(Beginning of DATA FOR REVIEW)
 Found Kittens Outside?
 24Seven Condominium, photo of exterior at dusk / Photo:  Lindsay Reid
(End of DATA FOR REVIEW)
(Beginning of DATA FOR REVIEW)
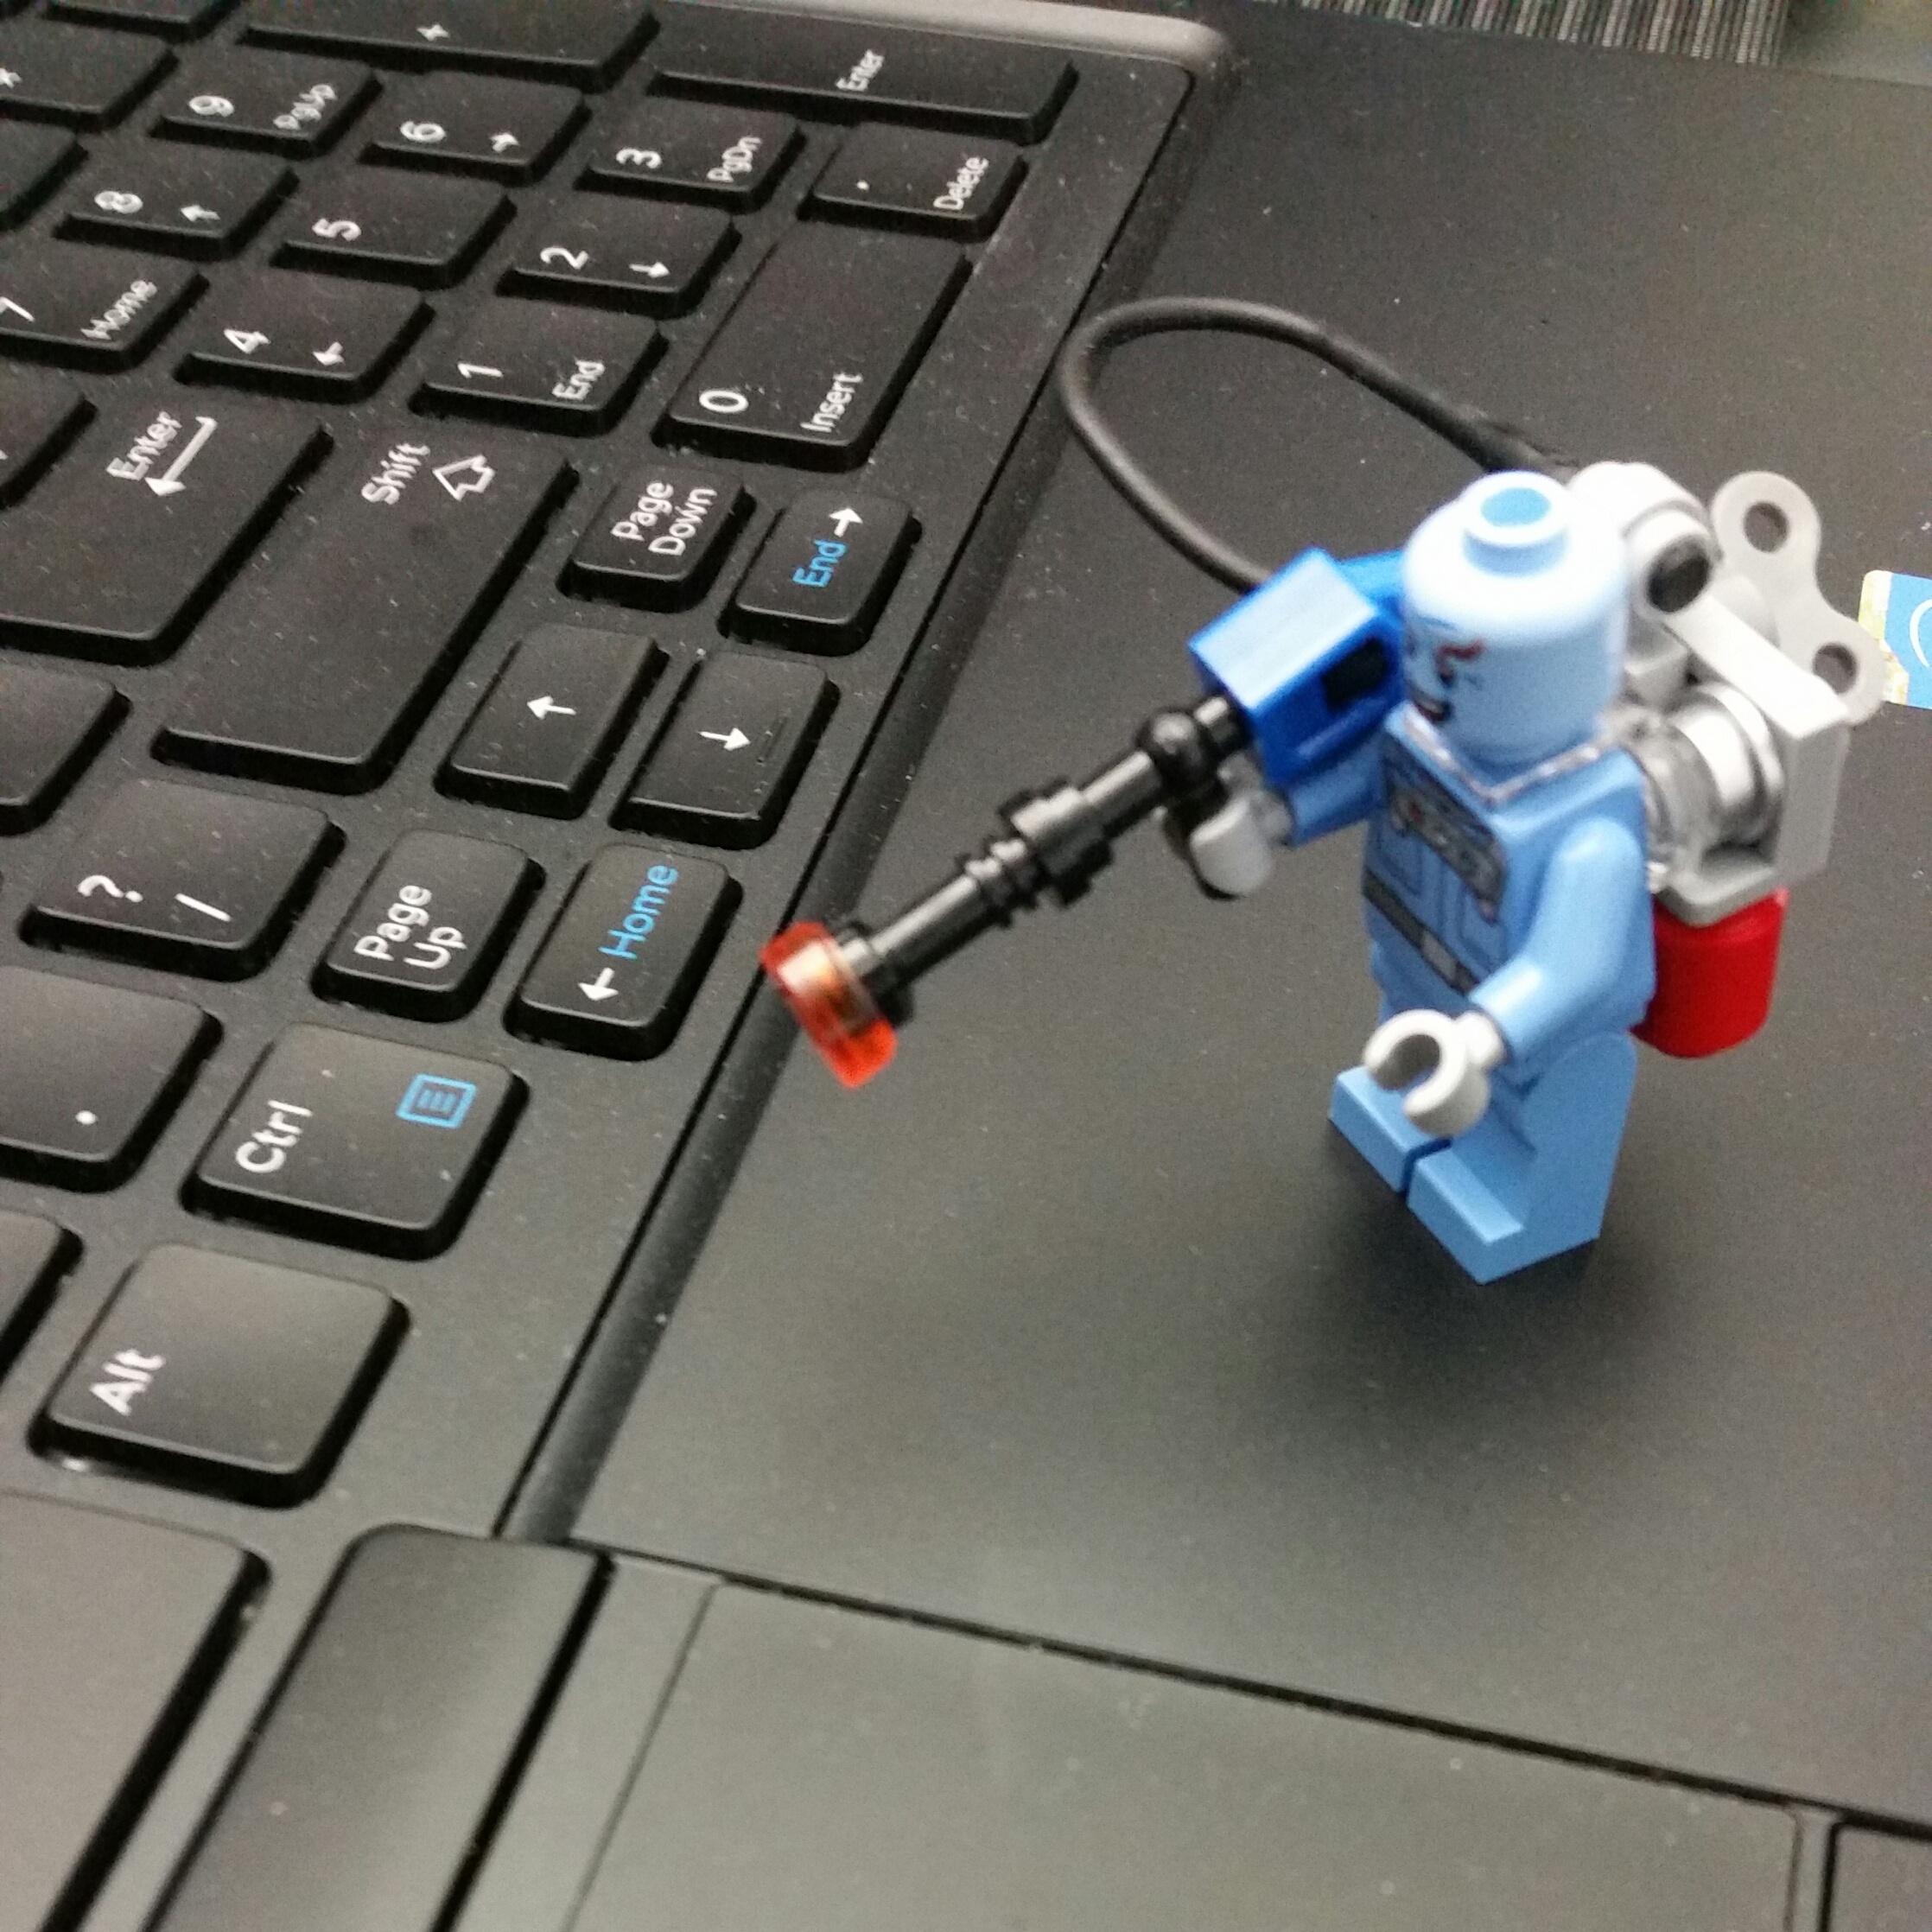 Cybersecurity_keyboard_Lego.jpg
(End of DATA FOR REVIEW)
* TRY IT: Transcribe the records above from the line holding "Found Kittens Outside?" down to the line holding "24Seven Condominium, photo", inclusive, without adding anything.

* PROBLEM SOLUTION:
 Found Kittens Outside?
 24Seven Condominium, photo of exterior at dusk / Photo:  Lindsay Reid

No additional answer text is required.